Your logic error is that, if s and t point to identical strings, you
don't stop scanning when you reach the end.

You say that the strings are modified, but the code you posted doesn't
attempt to demonstrate that. Looking at the code, it does modify the
values of s and t (as it's designed to do). But s and t are pointers,
not strings. The strings themselves are not modified.

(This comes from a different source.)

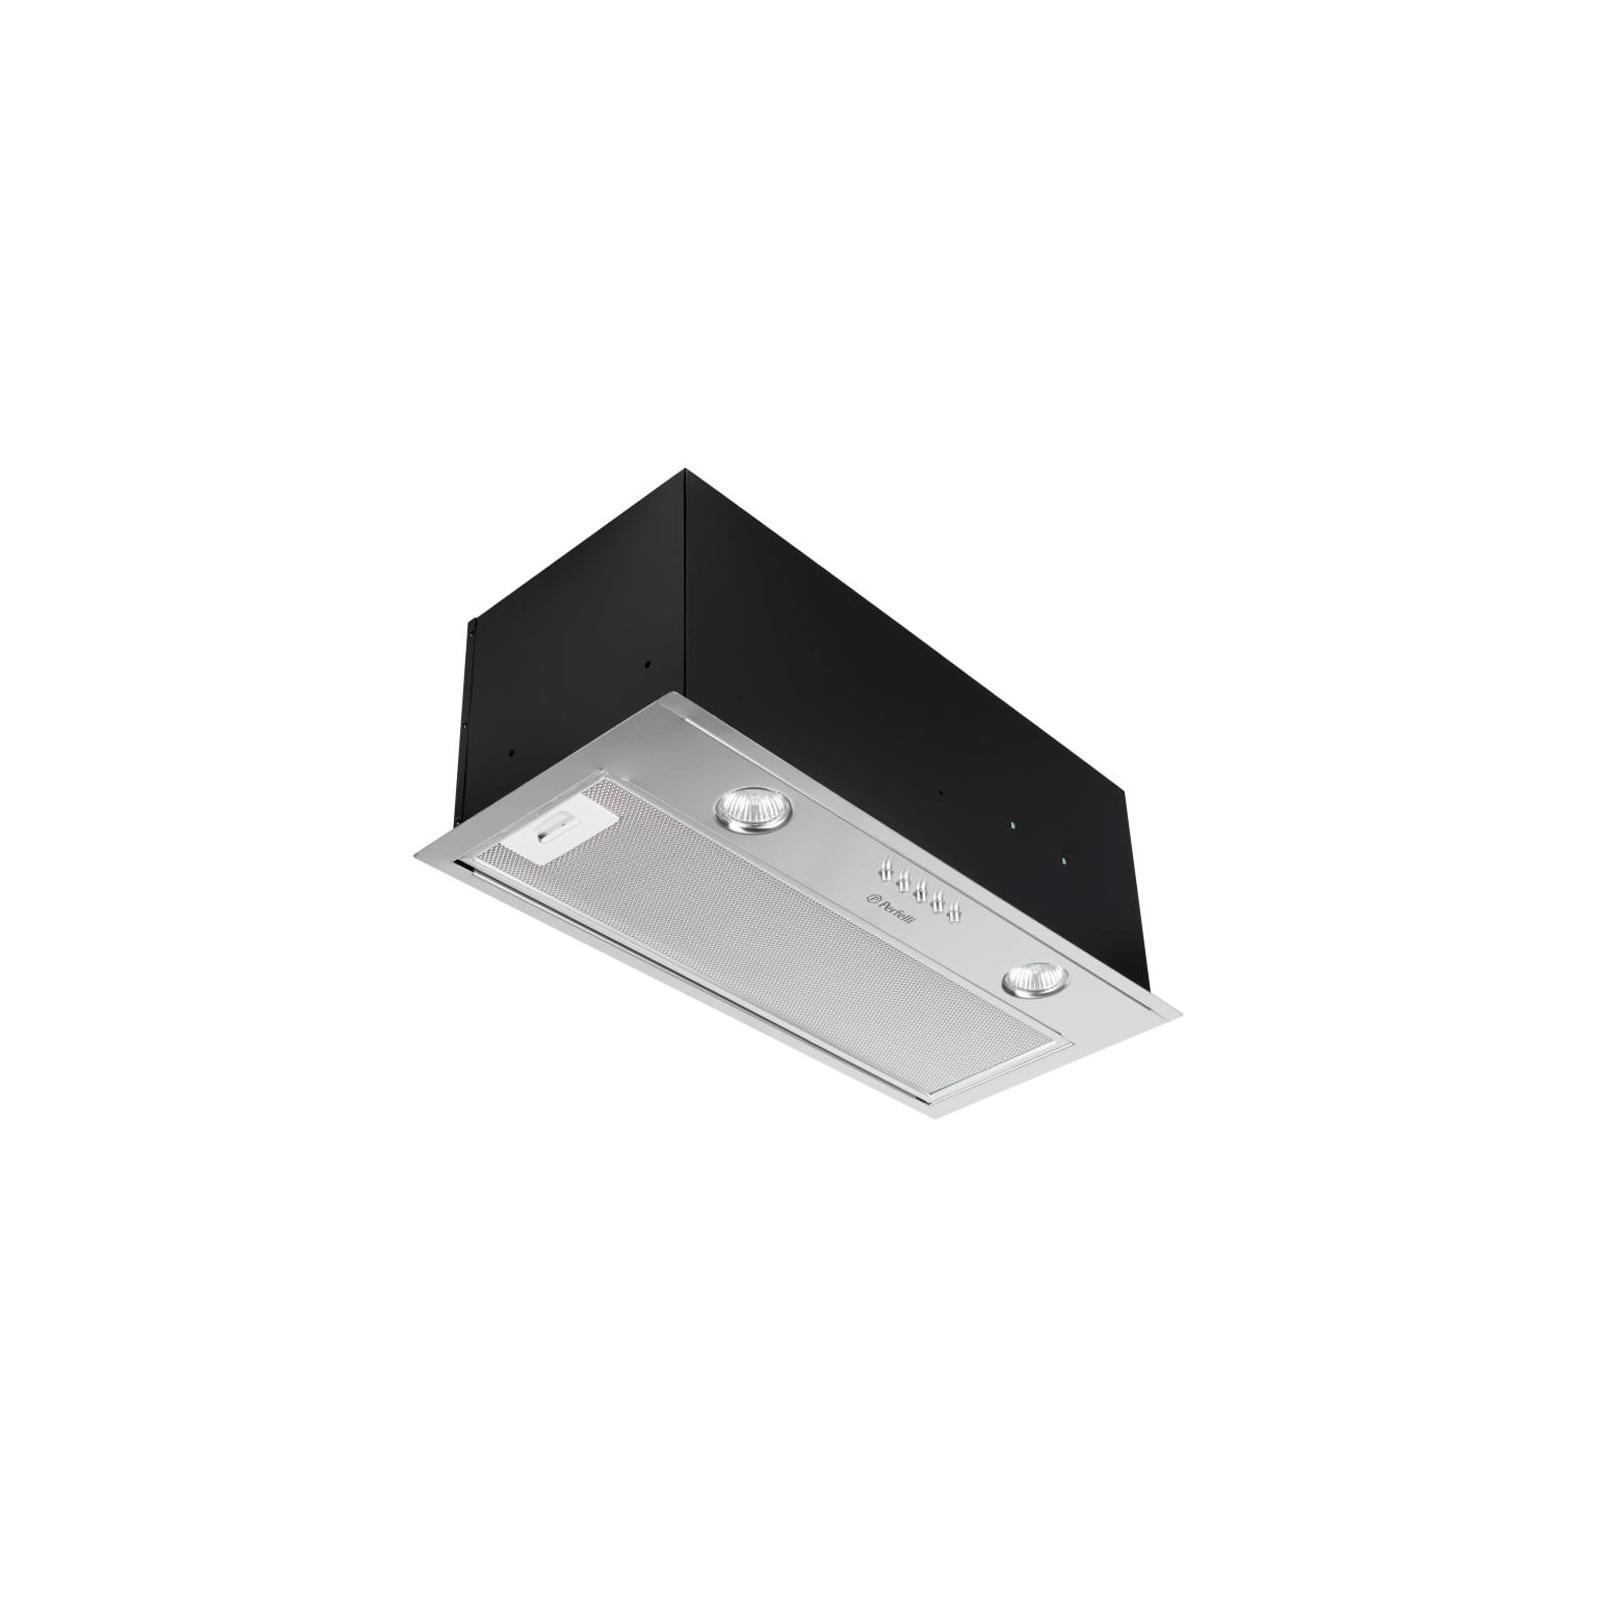 Вытяжка кухонная PERFELLI BI 6511 A 1000 I изображение 2

Remember that a "string" is "a contiguous sequence of characters
terminated by and including the first null character" (C99 7.1.1p1).
It's a data layout, not a data type.

For example:

char str[] = "Hello";
char *s;
s = str;
/*
* s points to the string "Hello". (It actually points
* to the first character of the string; we refer to
* a pointer to the first character of a string as a
* pointer to the string itself).
*/

s++;
/*
* Now s points to the string "ello" (which is the trailing
* portion of the string "Hello"). The original string
* "Hello" is still there in all its salutational glory,
* and we haven't modified that string. We've merely
* modified the pointer s so it points to a different
* string, one that happens to be part of the original
* string.
*/

If you haven't already done so, take a look at the comp.lang.c FAQ,
<http://www.c-faq.com/>. Sections 4 (Pointers), 6 (Arrays and
Pointers) and 8 (Characters and Strings) should be particularly
relevant to your current issues.

--
Keith Thompson (The_Other_Keith) ks***@mib.org <http://www.ghoti.net/~kst>
San Diego Supercomputer Center <* <http://users.sdsc.edu/~kst>
"We must do something. This is something. Therefore, we must do this."
-- Antony Jay and Jonathan Lynn, "Yes Minister"

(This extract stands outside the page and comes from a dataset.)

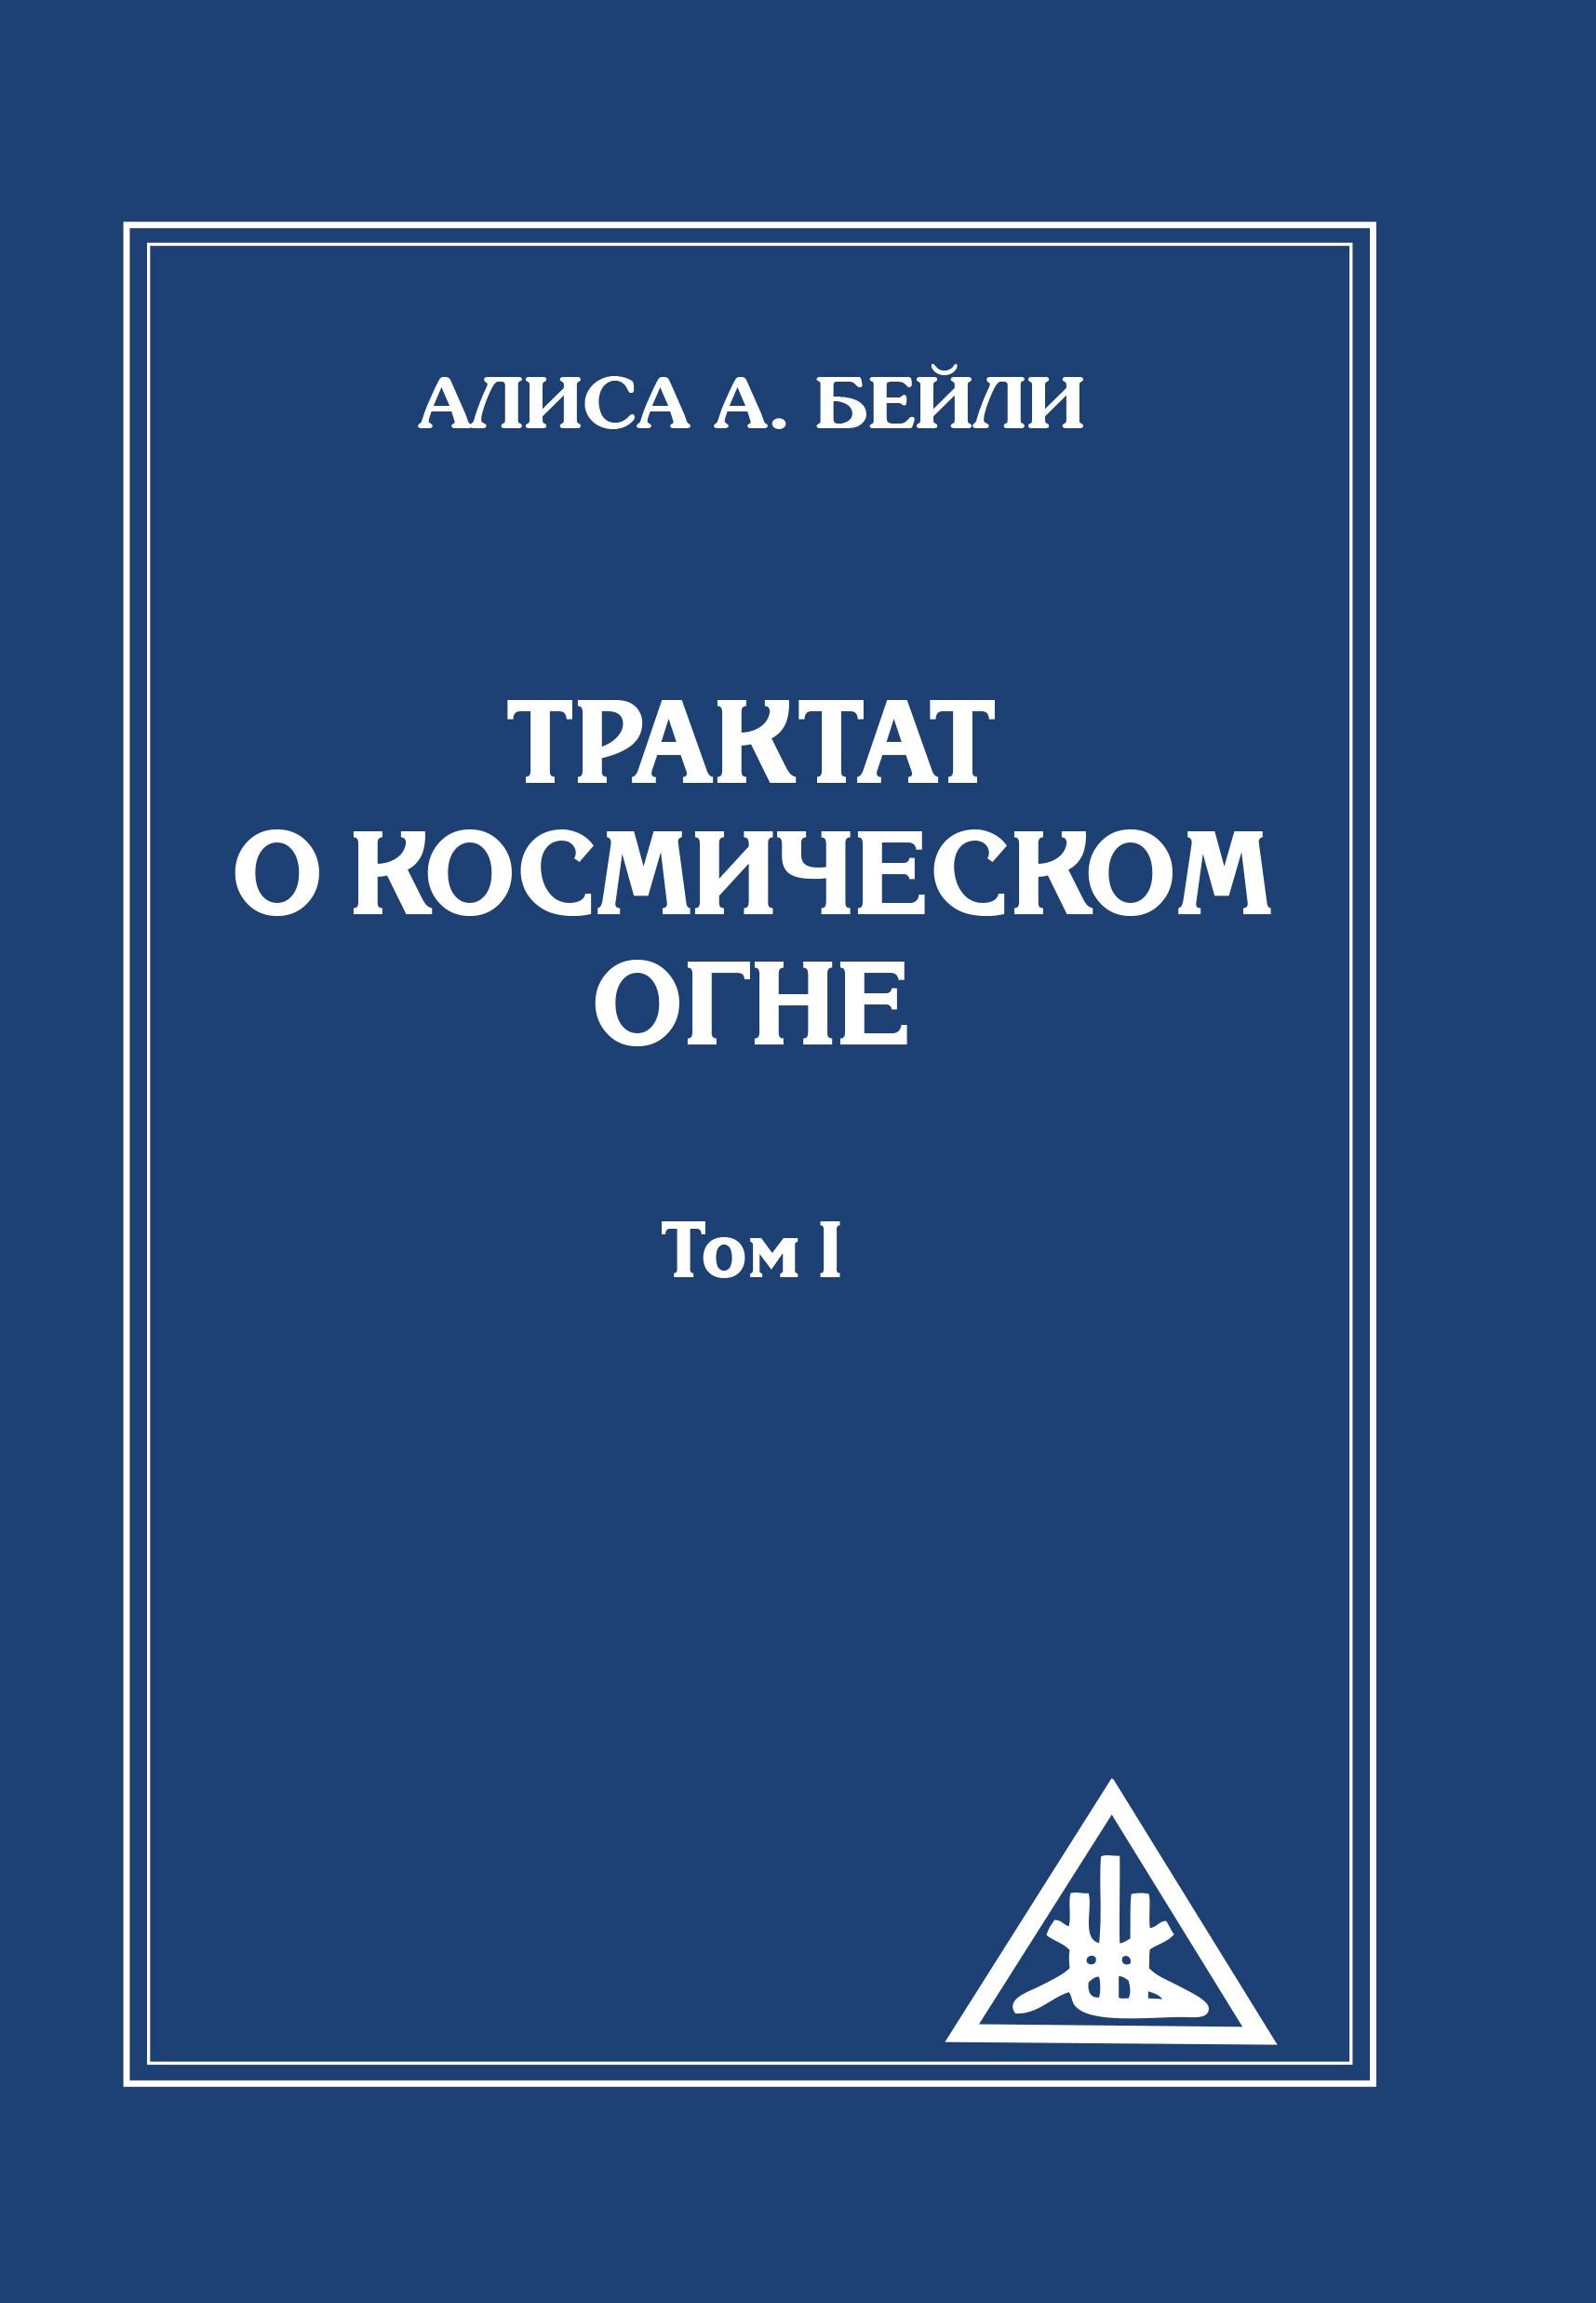 Трактат о Космическом Огне. Том 1. Алиса А. Бейли

On Sun, 29 Apr 2007 10:05:20 -0700, "osmium" <r1********@comcast.net>
wrote:

>"user34" writes:

>Hi all. I am trying to learn C.As a simple exercise i tried to write a
code which would compare two strings using pointers.
However i am not getting the correct result.
On tracing the program i noticed that the strings "s" and "t" get modified
somehow in the comp function and as a result i am getting incorrect
results.
Can anyone please point out the error?
#include<stdio.h>

int comp(char *s,char *t)
{
for(;*s==*t;s++,t++);
if(*s=='\0')
return 0;
else
return (*s -*t);

You return after examining the first char, no matter how it turns out.

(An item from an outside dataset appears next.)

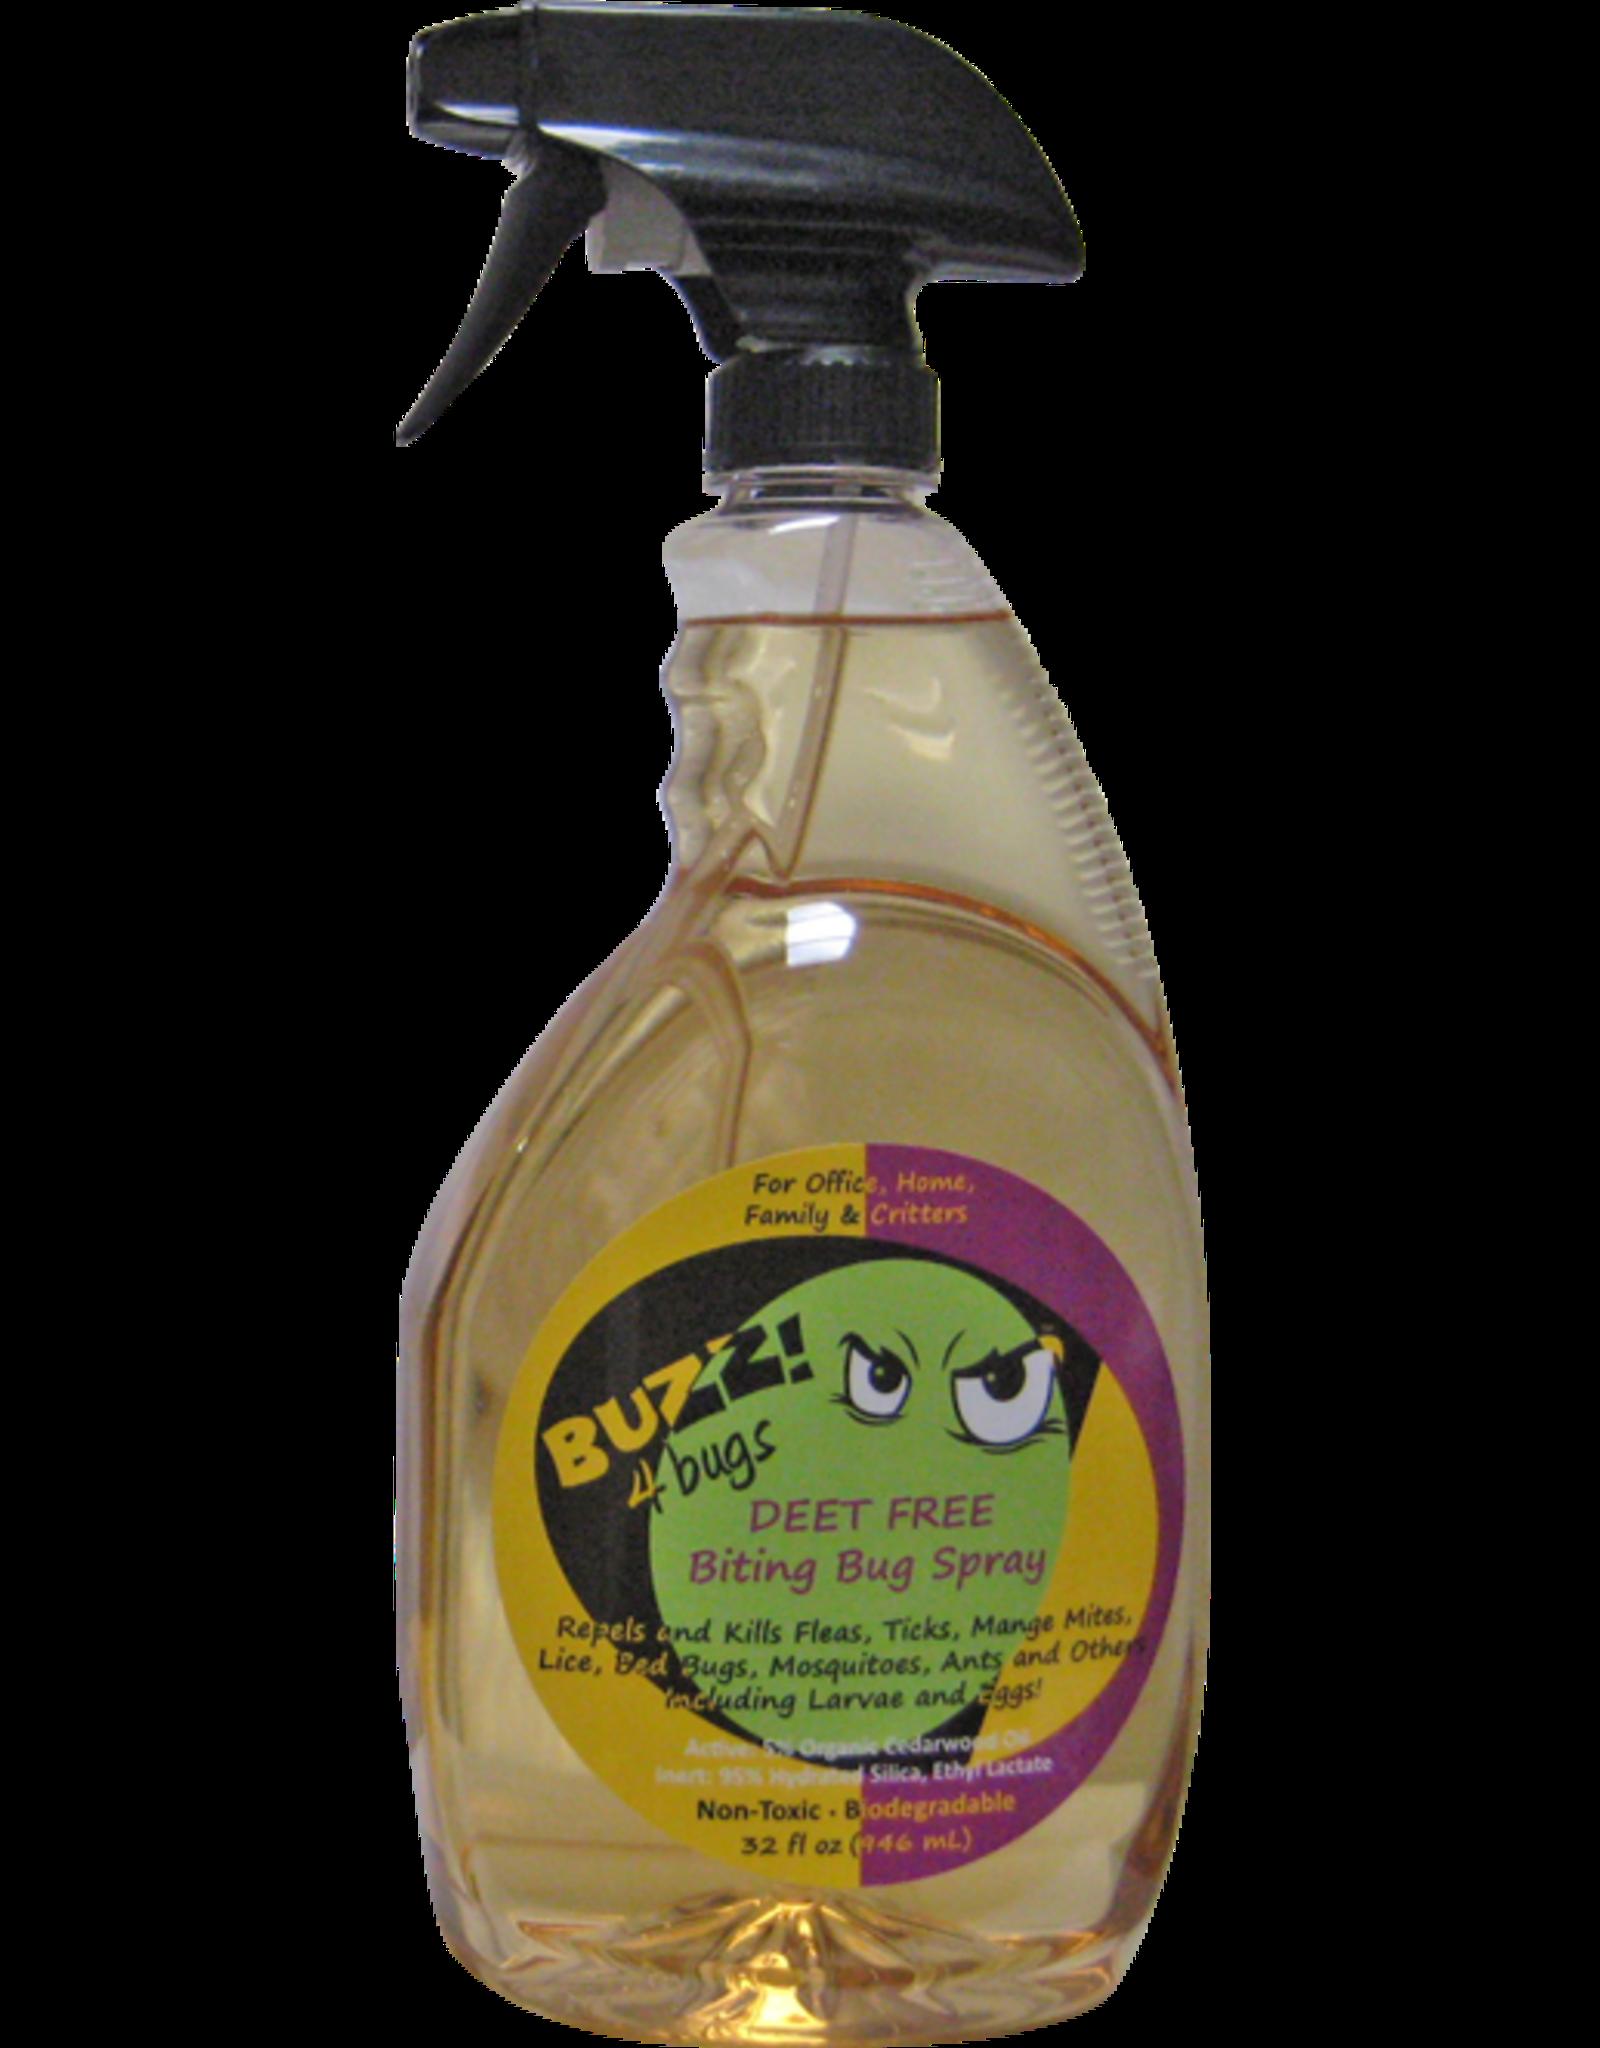 Buzz! 4 Bugs BUZZ! 4 BUGS DEET FREE BITING BUG SPRAY

I think you missed the ; at the end of the for statement.

To the original poster, this is one reason why many recommend
for ( )
;

>Rethink your logic.

>}

int main(void)
{
char str[]="Hello";
char str2[]="Hello";

if(comp(str,str2)!=0)
printf("strings are different");
else
printf("strings are same");
return 0;
}

Remove del for email

user34 wrote:

I did not retype the code !
Here it is once again (without any of the above suggested
improvements)and it still shows me the same error!

#include<stdio.h>

int comp(char *s,char *t)
{
for(;*s==*t;s++,t++);

^
That semicolon doesn't belong.


Brian

On Apr 30, 5:46 am, Flash Gordon <s...@flash-gordon.me.ukwrote:

Then your description of the problem is inaccurate, the code does not
modify the strings. I suggest you examine the improvements and comments
by myself and the others and see if it then works.

He never said it did. He said that "s" and "t" were modified.
Those are pointers to char, which he increments in each
loop iteration.

Old Wolf wrote, On 29/04/07 23:40:

On Apr 30, 5:46 am, Flash Gordon <s...@flash-gordon.me.ukwrote:

>Then your description of the problem is inaccurate, the code does not
modify the strings. I suggest you examine the improvements and comments
by myself and the others and see if it then works.

He never said it did. He said that "s" and "t" were modified.
Those are pointers to char, which he increments in each
loop iteration.

I can't remember exactly what he said, but my mental filters would
probably have assumed that as he was explicitly modifying those
variables he would not be surprised by them changing value. Of course, I
could be wrong.
--
Flash Gordon

Default User wrote:

user34 wrote:

I did not retype the code !
Here it is once again (without any of the above suggested
improvements)and it still shows me the same error!

#include<stdio.h>

int comp(char *s,char *t)
{
for(;*s==*t;s++,t++);

^
That semicolon doesn't belong.

Or maybe it did. Either way, it's not going to work.

If you leave the semicolon in, then if the strings are identical then
you read off the end of each into memory that might not belong to the
strings, or memory that had never been initialized. At any rate, it
will report a false mismatch, because it will continue that until
there's a difference.

Brian

Barry Schwarz wrote:

>

.... snip ...

>
I think you missed the ; at the end of the for statement.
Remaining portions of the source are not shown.